During the time they worked together, both were profoundly attached to the principle of a division between art and mere skills. This division would become the essence of any definition of modernism.
Zola went on to say that a proper definition of the modern artist must respect his independence. Furthermore, he declared that the real artist can not abide by the constraining laws of any canon that would be contrary to the essential freedom that is inherent in any human enterprise. Zola thus concludes: “It is understood that the artist places himself in front of nature; he copies it while interpreting it; he is more or less realist according to his eyes; in a word, his mandate is to render objects as he sees them, stressing such and such detail and creating anew.”8
Zola's logic is flawless and constitutes the core of Pissarro and Cézanne's art production.

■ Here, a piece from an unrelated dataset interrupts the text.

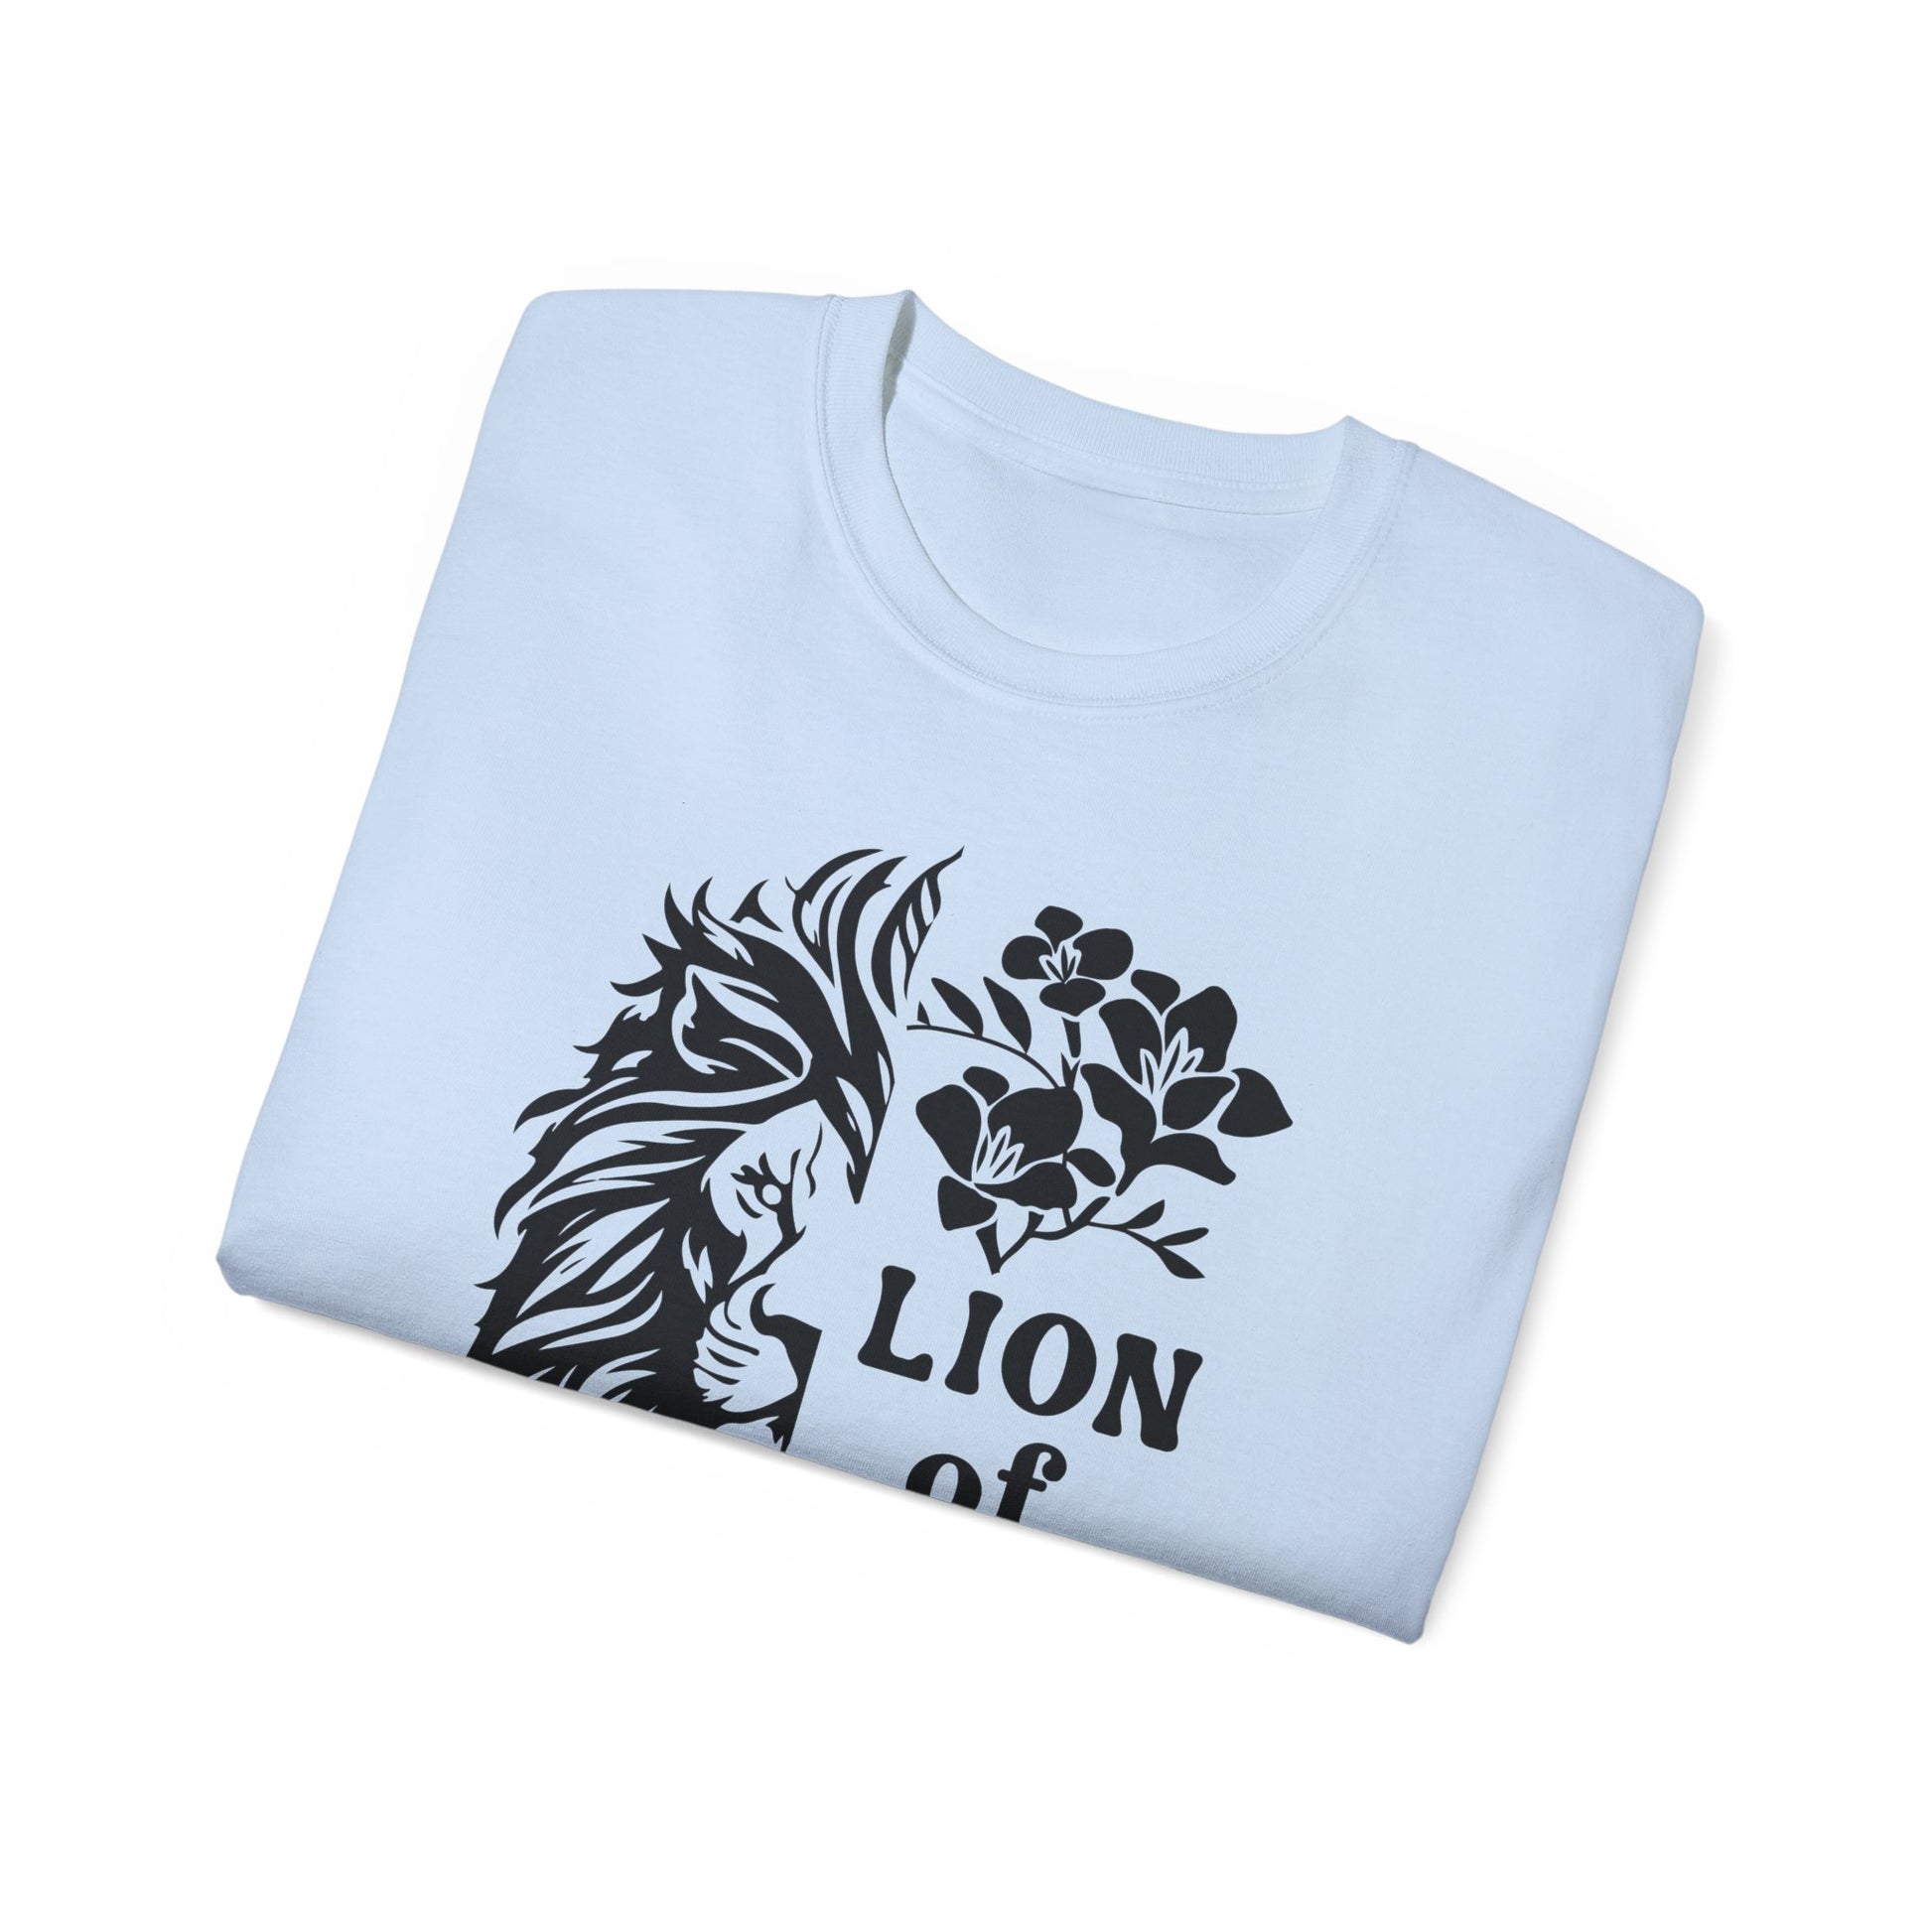 Lion Of Judah Women's Christian T-shirt Printify

But two factors could be a threat to such freedom of expression: the influence of a master (dictating to him the way he should paint) and the impact of a school system (the passing on to students the codes and conventions of a pre-established tradition).
Pissarro and Cézanne, along with their broader circle of impressionists, were very aware of the insidious impact of “masters” who could corrupt their in-depth search for their artistic selves. The irony, of course, is that by the end of their lives, they became masters themselves, but they became modern masters, meaning that they kept at heart the paradox of modernity: How is it possible to learn while retaining one's freedom?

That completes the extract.